Data from patients treated with ofatumumab in the core ASCLEPIOS I/II trials and ALITHIOS study (overall, N=1969; patients who received continuous ofatumumab, N=1292; patients newly switched from teriflunomide to ofatumumab, N=677) and post-marketing surveillance (cut-off: 29-Jan-2021) were included in the analysis. Incidence of both systemic and local-site IRRs, their severity and seriousness were reported. The most commonly associated symptoms are summarized.
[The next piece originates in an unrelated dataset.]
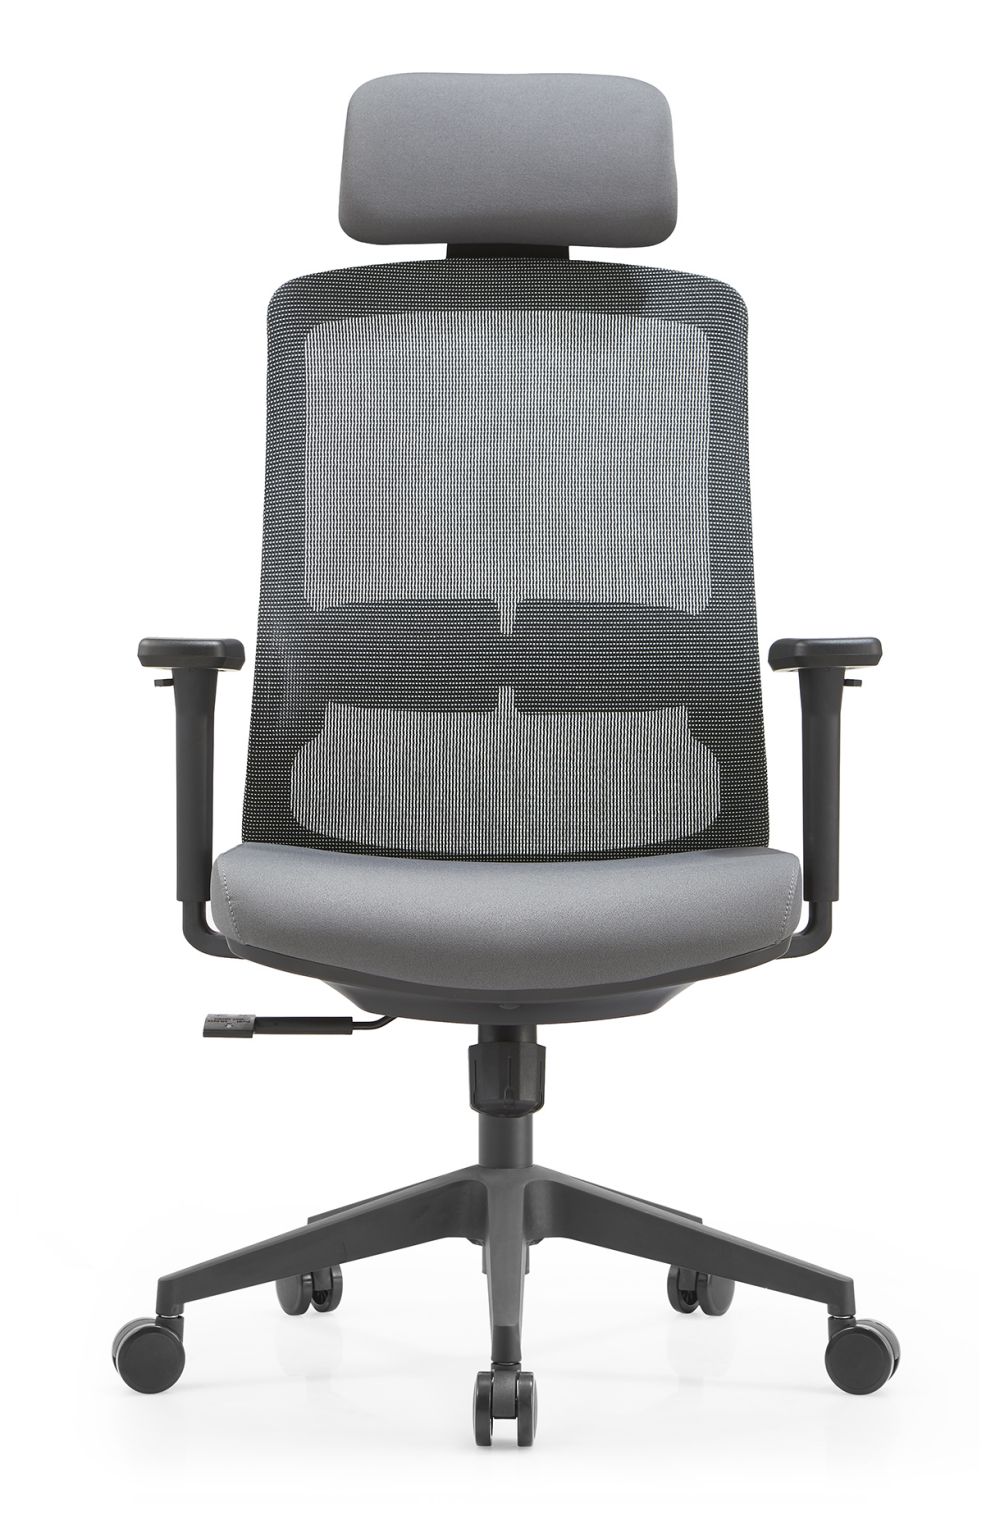 Otthoni ergonomikus irodai szék (1)

Systemic/local-site IRRs were observed in 24.6%/11.5% in overall; 25.6%/13.2% in continuous and 22.6%/8.3% in newly-switched groups. Upon first injection, incidence of systemic/local-site IRRs in overall, continuous, and newly-switched groups were 17.4%/2.9%, 17%/3.4%, and 18.2%/2.1%, respectively. Majority (99.5%) were mild-to-moderate (Grade 1/2) in severity. No life-threatening IRRs were observed during the study. In the overall population, systemic and local-site IRRs led to treatment discontinuation in 5 and 1 patient, respectively. The most common systemic IRR symptoms (≥5%) with all injections were fever, headache, chills, fatigue, and local-site IRR symptoms (≥3%) were erythema/redness and pain. From the post-marketing, 6 serious cases were assessed as potential systemic IRRs (HCP/non-HCP: 2/4): 1 patient was hospitalized with weakness. In addition, 5 patients reported serious hypersensitivity reactions (HCP/non-HCP: 1/4) including 1 anaphylaxis.

Systemic and local-site IRRs reported upon first injection with ofatumumab in the ALITHIOS trial and post-marketing surveillance were mostly mild-to-moderate in severity. These results are consistent with the Phase 3 ASCLEPIOS I/II trials.